L'importance exclusive du congrès de Marseille consiste en premier lieu en ce qu'il a posé devant le parti la tâche capitale d'un travail systématique et régulier dans le sein des syndicats, conformément à l'esprit du programme et de la tactique du parti. Ceci implique, justement, la désapprobation décisive de la tendance manifestée par ces membres du parti qui, sous le prétexte de lutter pour l'autonomie, d'ailleurs tout à fait indiscutable, des syndicats, luttent, en réalité, pour l'autonomie de leur propre travail à l'intérieur des syndicats, sans aucun contrôle et sans direction de la part du parti.
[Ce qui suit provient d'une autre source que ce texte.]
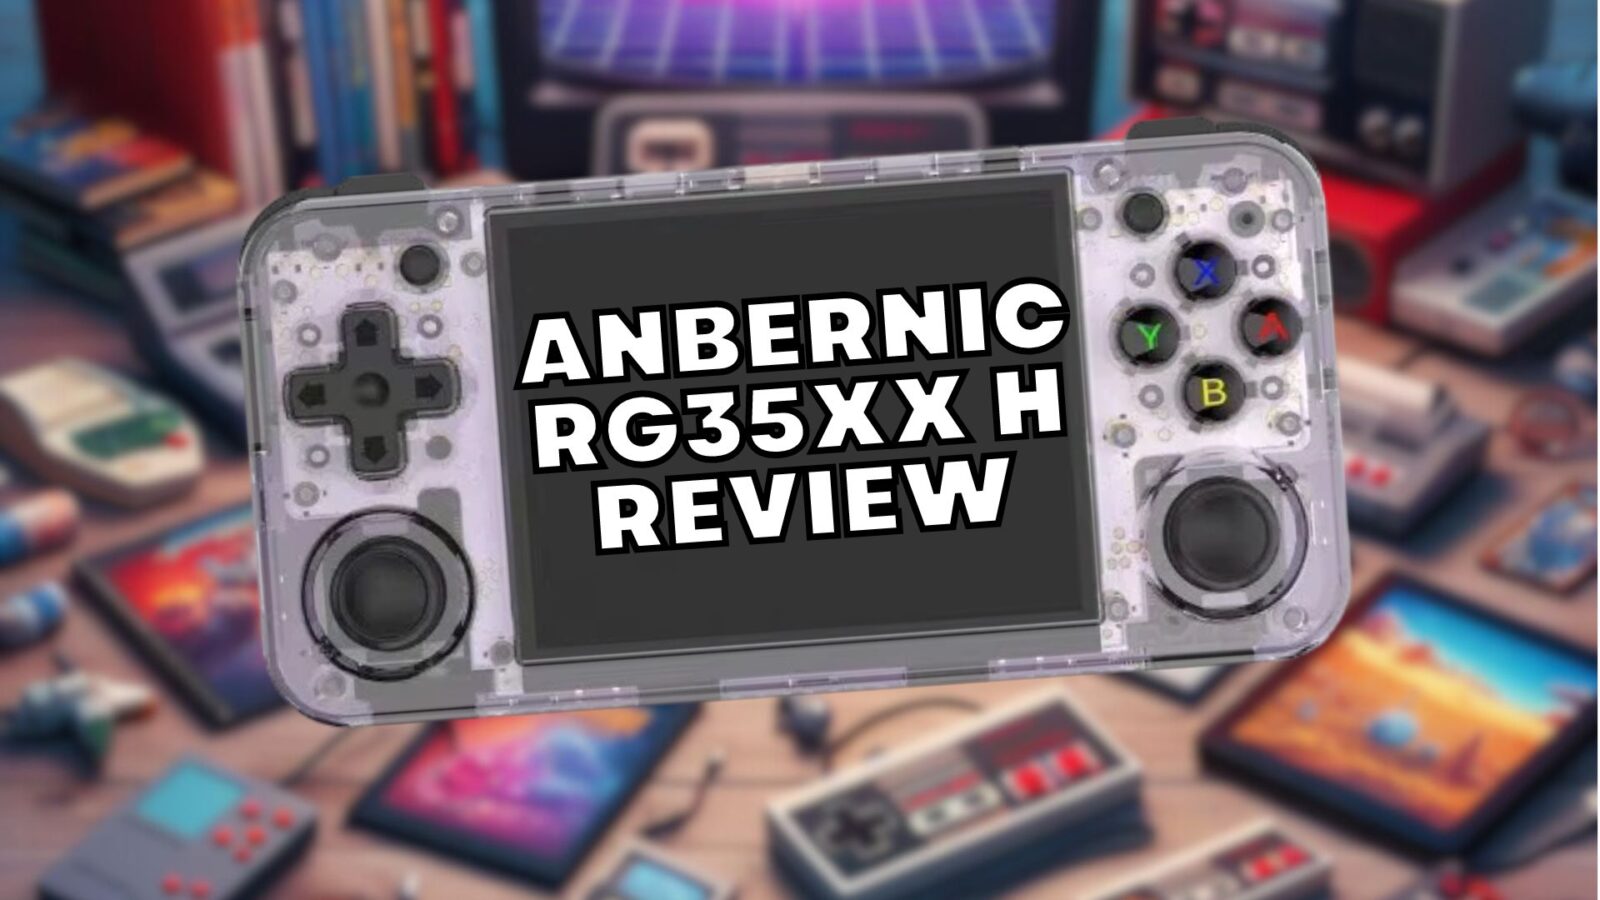 Anbernic RG35XX H Could be Great

La séance plénière prend connaissance de la déclaration de la délégation française, suivant laquelle le comité directeur du parti prend et prendra toutes les mesures nécessaires pour que les décisions du parti soient accomplies dans un esprit d'activité communiste à l'intérieur des syndicats (strictement unis et disciplinés), sous la direction du comité directeur du parti.
Vu que les statuts de l'Internationale communiste et de ses sections se fondent sur le principe du centralisme démocratique et garantissent suffisamment le développement régulier et normal de chaque parti communiste, la séance plénière considère comme injustifiée la démission de plusieurs membres du comité directeur élus au congrès de Marseille, indépendamment des mobiles politiques de ces démissions. L'abandon des postes confiés par le parti peut être interprété, par les masses du parti, comme l'affirmation qu'il est impossible de collaborer régulièrement entre représentants de nuances différentes, à l'intérieur des cadres du centralisme démocratique et peut servir d'impulsion à la formation de fractions à l'intérieur du Parti.
La séance plénière du comité exécutif exprime sa conviction absolue que la lutte contre les manifestations susindiquées des tendances anticommunistes sera menée par la majorité écrasante du parti et par toutes les institutions dirigeantes du parti. Considérant que la formation de fractions ferait inévitablement le plus grand tort au développement du parti et porterait atteinte à son autorité parmi le prolétariat, une séance plénière du comité exécutif prend connaissance avec satisfaction de la déclaration de la délégation française, suivant laquelle le comité central est prêt à prendre les mesures d'organisation nécessaires pour que la volonté du congrès de Marseille soit exécutée jusqu'au bout et intégralement, et que les camarades qui avaient démissionné fassent de nouveau partie de la direction du parti pour y accomplir un travail régulier et sans discorde.
A la Conférence, la résolution et les commentaires oraux qui en furent faits par Trotsky furent adoptés sans débat.
Il est proposé par la délégation d'entente avec l'Exécutif que, conformément aux décisions de Marseille, Souvarine reste à Moscou. Il lui est adjoint un co-délégué. Sellier accepte provisoirement de remplir la fonction, en attendant que le Comité directeur ait fait choix de son remplaçant.
Pour le Praesidium, Zinoviev propose que les deux délégués de la France soient appelés à y siéger au même titre. Souvarine juge impossible pour lui d'accepter cette proposition. Il donne sa démission publiquement. Le bureau la refuse. Quarante-huit heures après, il retire sa démission,
Tel est, camarades, le compte rendu, aussi fidèle que possible, des débats relatifs à la question intérieure française et les conclusions que nous vous soumettons. Nous nous sommes inspirés exclusivement, en les formulant, en les défendant à Moscou comme ici, de l'intérêt du Parti, du rétablissement de son unité morale, de sa dignité et aussi du souci de fidélité à la IIIe Internationale.